Environment Canada says the country is warming at nearly twice the global rate, with parts of western and northern Canada warming three or four times the global average.

While Canada continues to be the snowiest country, less snow is falling across the south. White Christmases’ are less frequent, and frost-free days more so.

The length and severity of the wildfire season has grown, and when it rains it does so for longer, Environment Canada said.

Beyond the devastation of COVID-19, 2020 brought a year of destructive weather.

Based on preliminary estimates by Catastrophe Indices and Quantification Inc., there were nine major catastrophic weather events in Canada this year.

Estimates of the combined insured loss of these events near $2.5 billion.

The weather authority has compiled its annual list of Canada’s top 10 weather stories for the year. Rankings are based on several factors, including the impact each weather event had on Canada, the extent of the affected area it affected, its economic impacts, and its longevity as a top news story.

“As Canadians continue to experience more extreme weather, these top news events will simply, decades from now, be called ‘normal,'” Environment Canada said.

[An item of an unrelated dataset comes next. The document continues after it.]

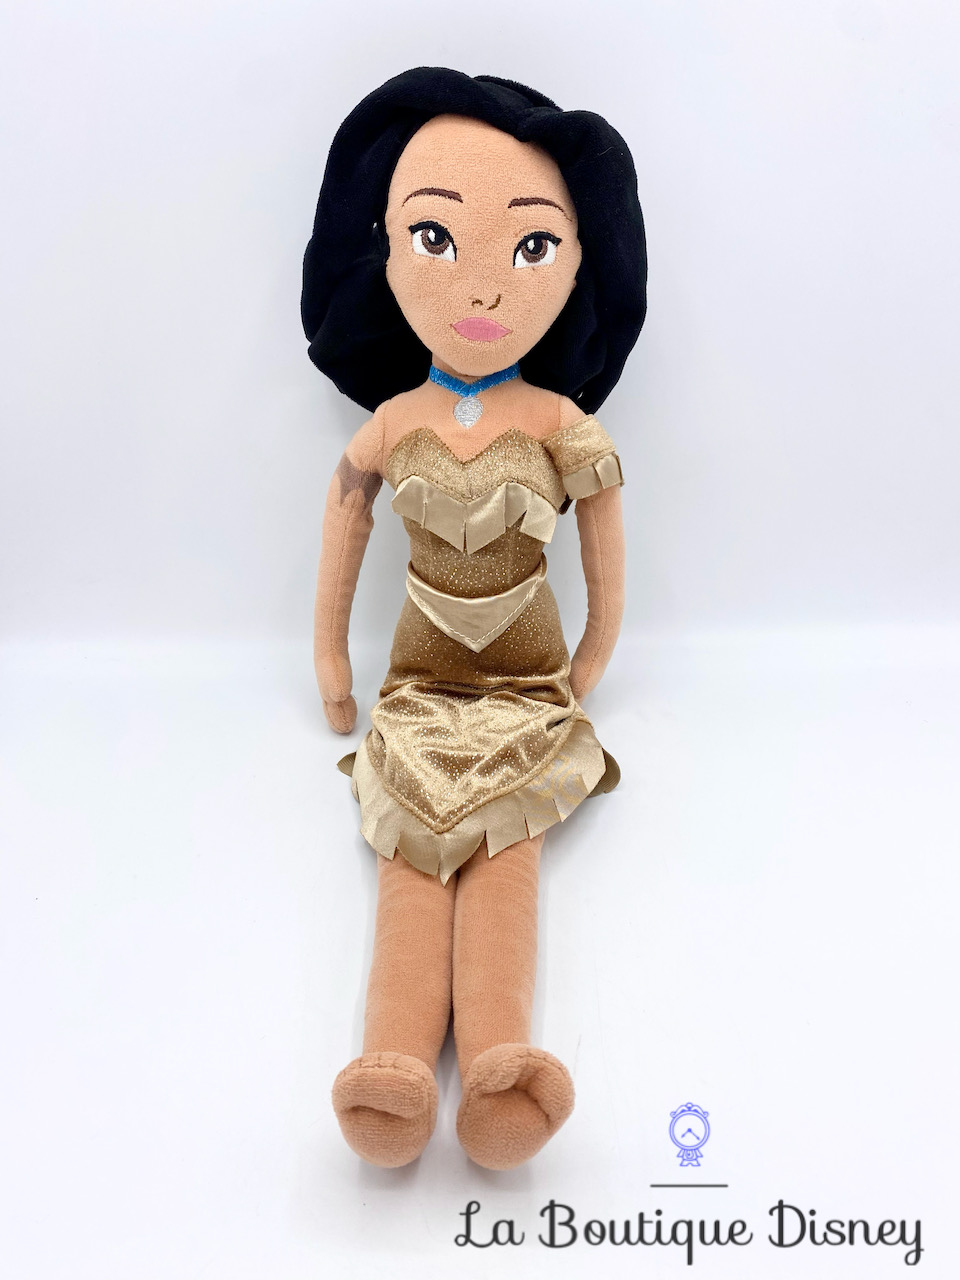 Poupée chiffon Pocahontas Disney Store Disney Parks peluche princesse indienne 50 cm

Here are Environment Canada’s top 10 weather stories of 2020:

Canada weather

Environment Canada

1. Calgary’s billion-dollar hailer

The June 13 hailstorm that came down on Calgary, Alberta, was the costliest ever seen in Canada and the fourth most expensive insured natural disaster in history.

When the summer storm hit around 7:00 pm MDT, the temperature fell five degrees in less than six minutes as hail the size of tennis balls and golf balls fell from the sky amid 70 kilometre per hour winds.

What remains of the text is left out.